The most interesting product step was turning detection into action. The reranker does not rewrite the line breaker. It generates a small set of bounded candidate layouts around the current settings, scores them, and picks the best candidate for side-by-side comparison.

Scoring objective: classical_demerits + alpha * river_severity. Classical demerits come from the line breaker. River severity currently comes from the geometry detector, not from a live U-Net call.

  • Candidate generation: variants include classical, light, current, firm, aggressive, and deeper-lookback settings so the comparison stays fast and understandable.
  • Delta-focused UI: the demo shows baseline and optimized layouts side by side, with changed lines flagged so the user can inspect what the detector actually influenced.
  • Why a surrogate: running six live U-Net forward passes per rerank would make the browser interaction sluggish.
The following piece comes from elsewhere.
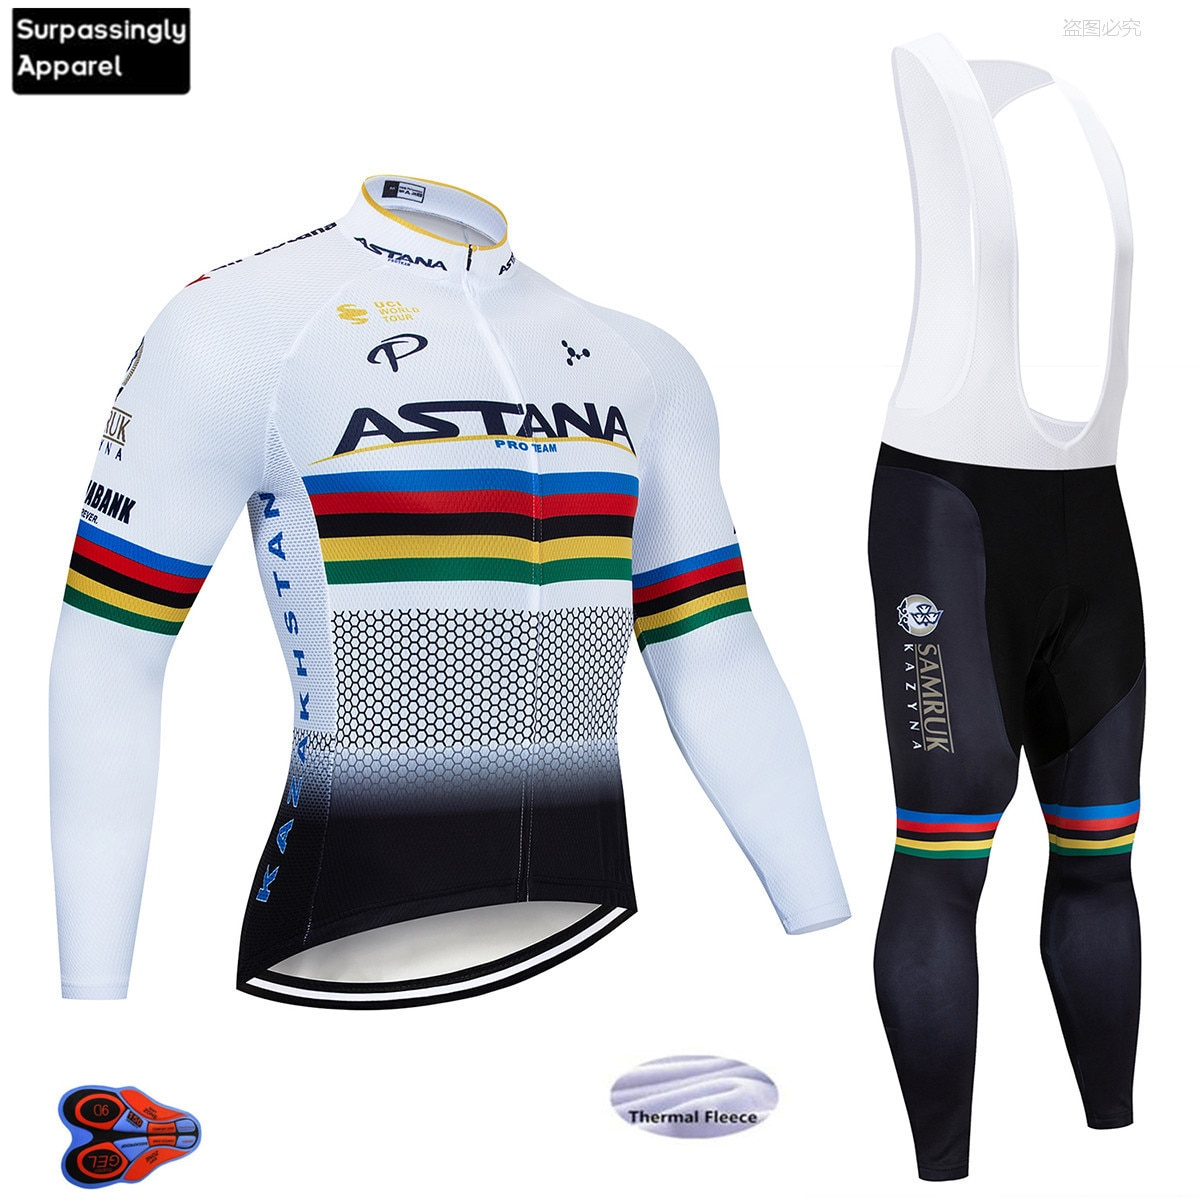 2019 astera de manga larga de Ciclismo Jersey pantalones de bicicleta conjunto de almohadillas 9D para hombre Ropa Ciclismo Pro térmico Ciclismo Maillot Culotte

The geometry surrogate is cheap and aligned with the same river-chain structures used for weak-label training.
  • Migration path: the scoring function is isolated so future work can replace the surrogate with a rasterize-and-run-ONNX path without redesigning the UI.

What This Project Shows

Riverbreak is the project on my portfolio that best shows how I connect product demos, algorithms, and ML evaluation without treating any one layer as the whole system.

Algorithmic systems

The line-breaking simulator, beam search, layout demerits, and candidate reranking show comfort working with algorithmic product behavior, not only UI presentation.

Applied ML judgment

The model is scoped to a concrete inspection task, measured against hand-labeled data, and documented with caveats instead of oversized claims.

Browser delivery

ONNX export, lazy runtime loading, canvas rasterization, and local overlays turn the model into something a user can actually try in a browser.

Research hygiene

The repo separates tracked evidence from regenerable artifacts, documents benchmark limits, and keeps lightweight verification checks for published files.

Limitations and Next Work

The project is intentionally transparent about what is done and what still needs work. That matters because typography quality is subjective, and the current benchmark is small.

  • Expand annotation: increase the hand-labeled validation and test sets before treating the metrics as strong statistical evidence.
  • Quantize the browser model: reduce the roughly 30 MB ONNX payload so live neural inference feels less expensive on first use.
  • Use neural scoring in reranking: replace the geometry surrogate with live model probability mass once performance is good enough for multiple candidates.
  • Broaden typography coverage: evaluate more fonts, widths, paragraph lengths, and browser rendering differences so the detector is less tied to the synthetic training distribution.